GIVEN RECORDS:
Start of Block

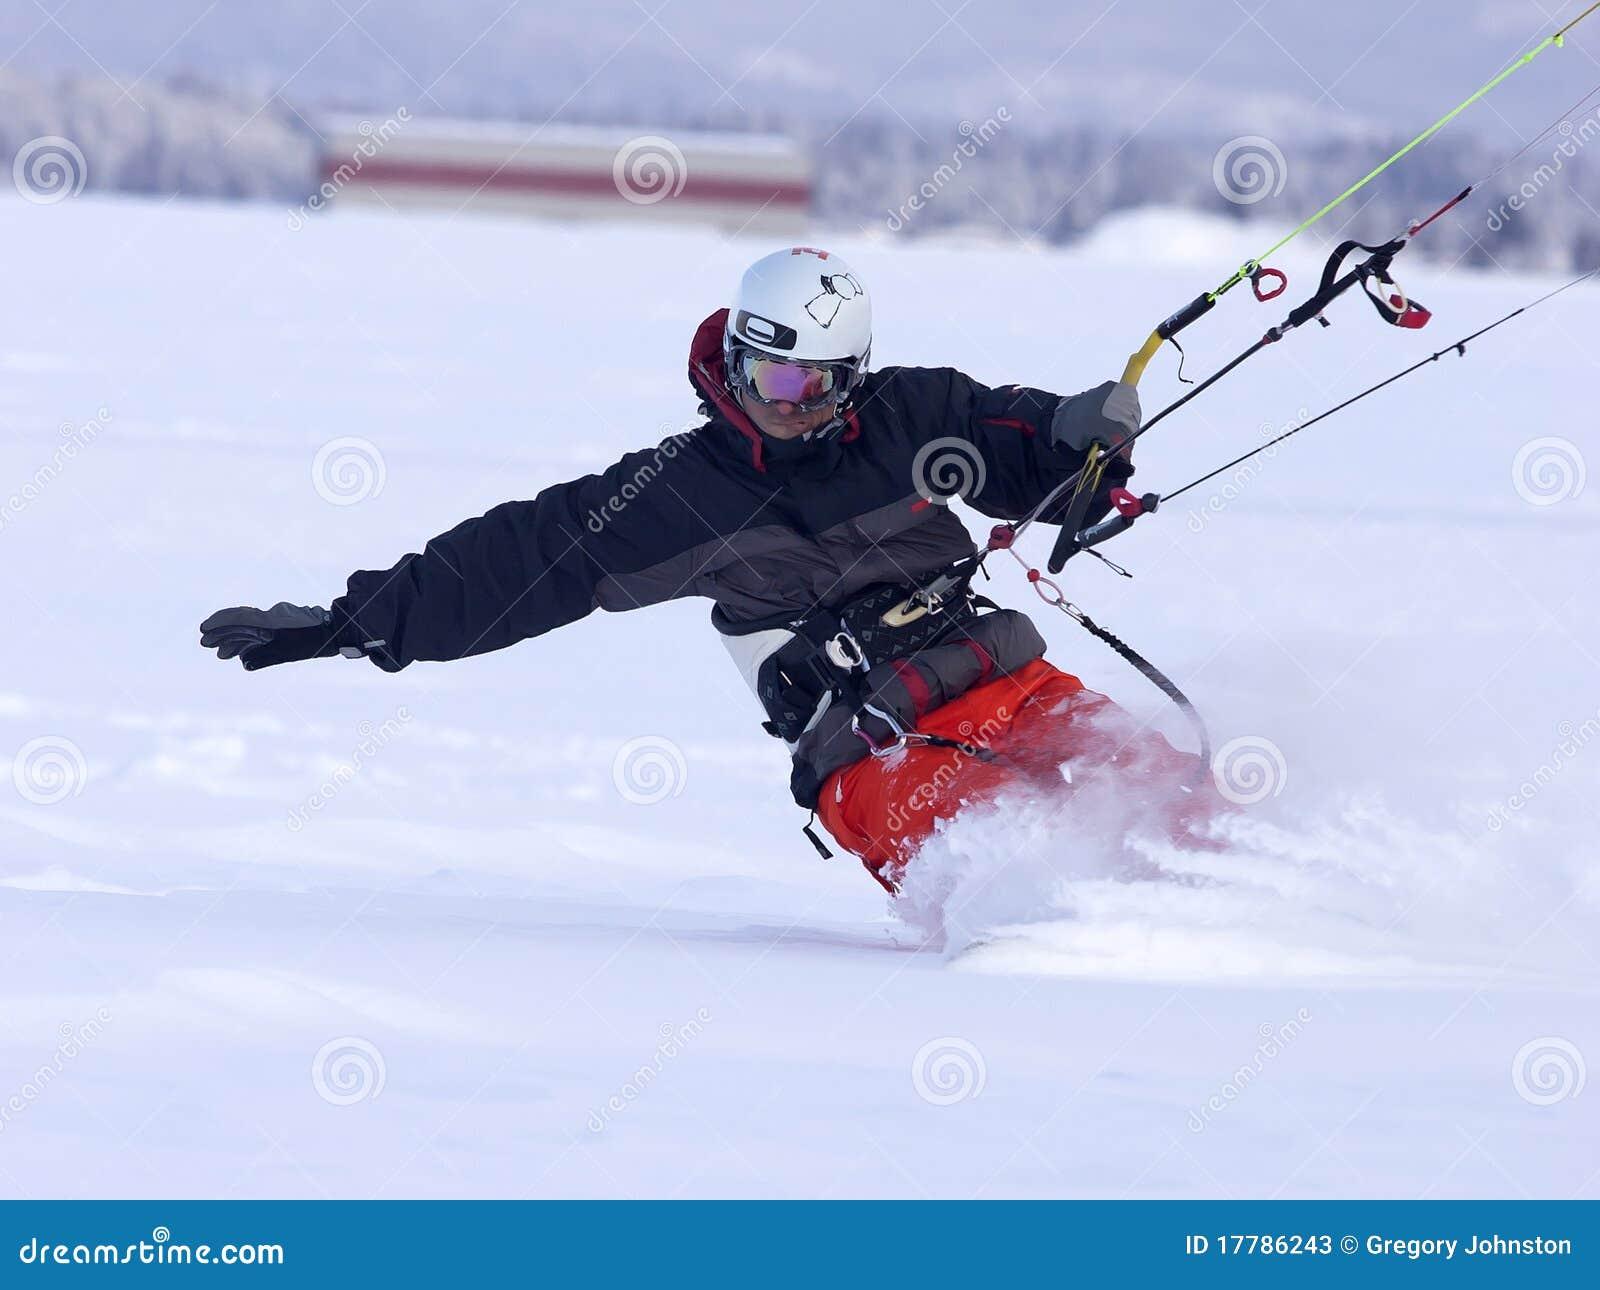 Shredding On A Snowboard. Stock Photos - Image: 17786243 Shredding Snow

End of Block
Start of Block

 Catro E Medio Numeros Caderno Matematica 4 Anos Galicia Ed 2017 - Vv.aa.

End of Block
Start of Block

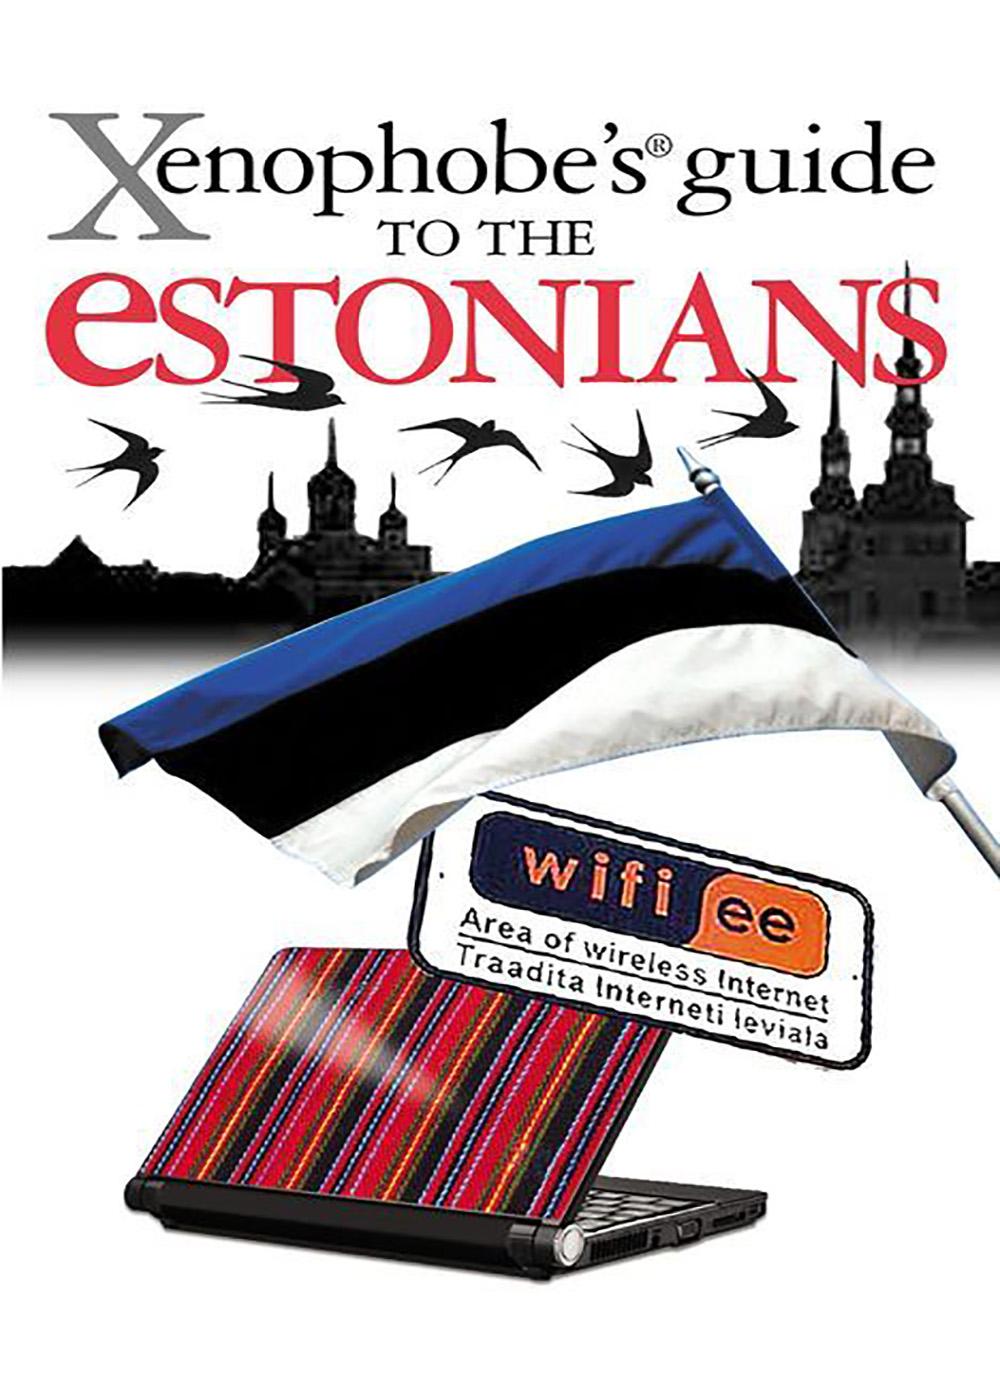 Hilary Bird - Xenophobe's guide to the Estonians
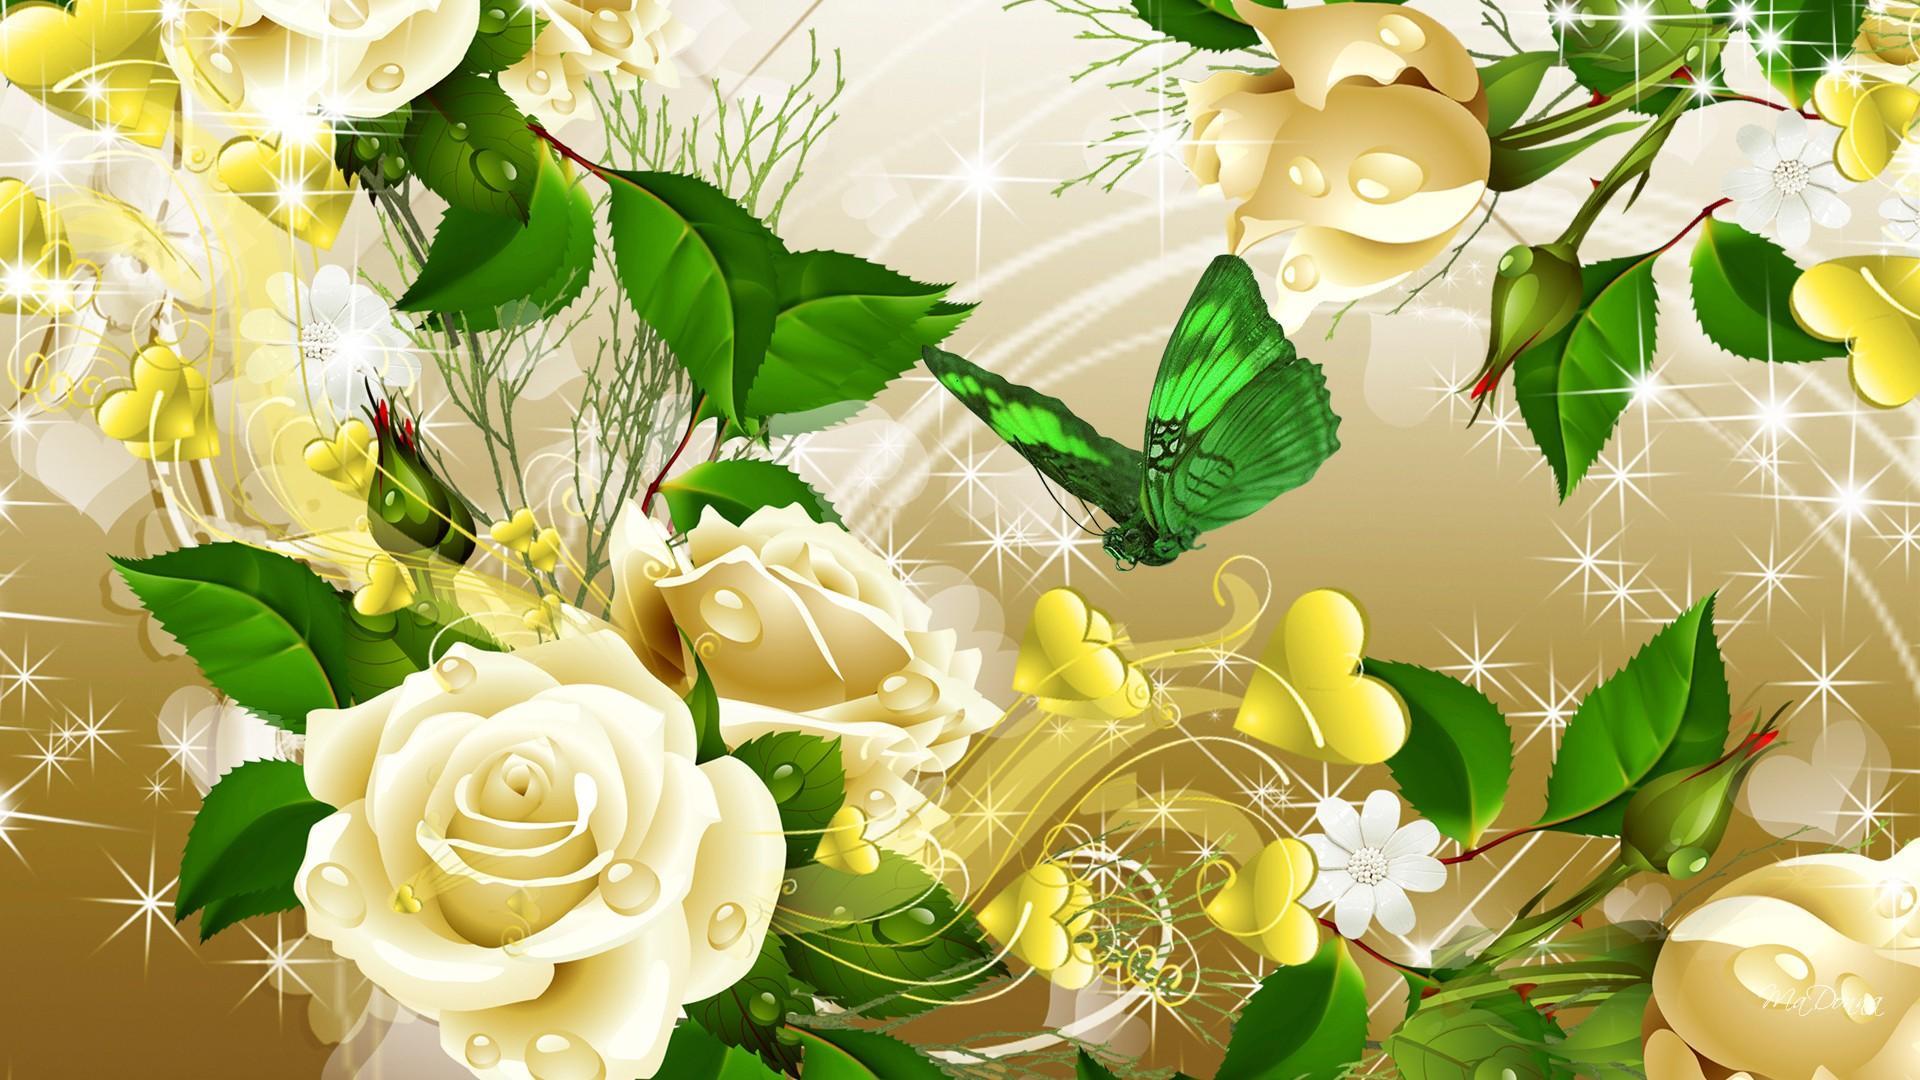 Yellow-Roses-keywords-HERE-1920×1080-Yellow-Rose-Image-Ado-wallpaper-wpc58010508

End of Block

What to print is the stretch of entries from the line with "Hilary Bird - Xenophobe's" up to and including the line with "Yellow-Roses-k". Please print it exactly and leave out the pictures.

 Hilary Bird - Xenophobe's guide to the Estonians
 Yellow-Roses-keywords-HERE-1920×1080-Yellow-Rose-Image-Ado-wallpaper-wpc58010508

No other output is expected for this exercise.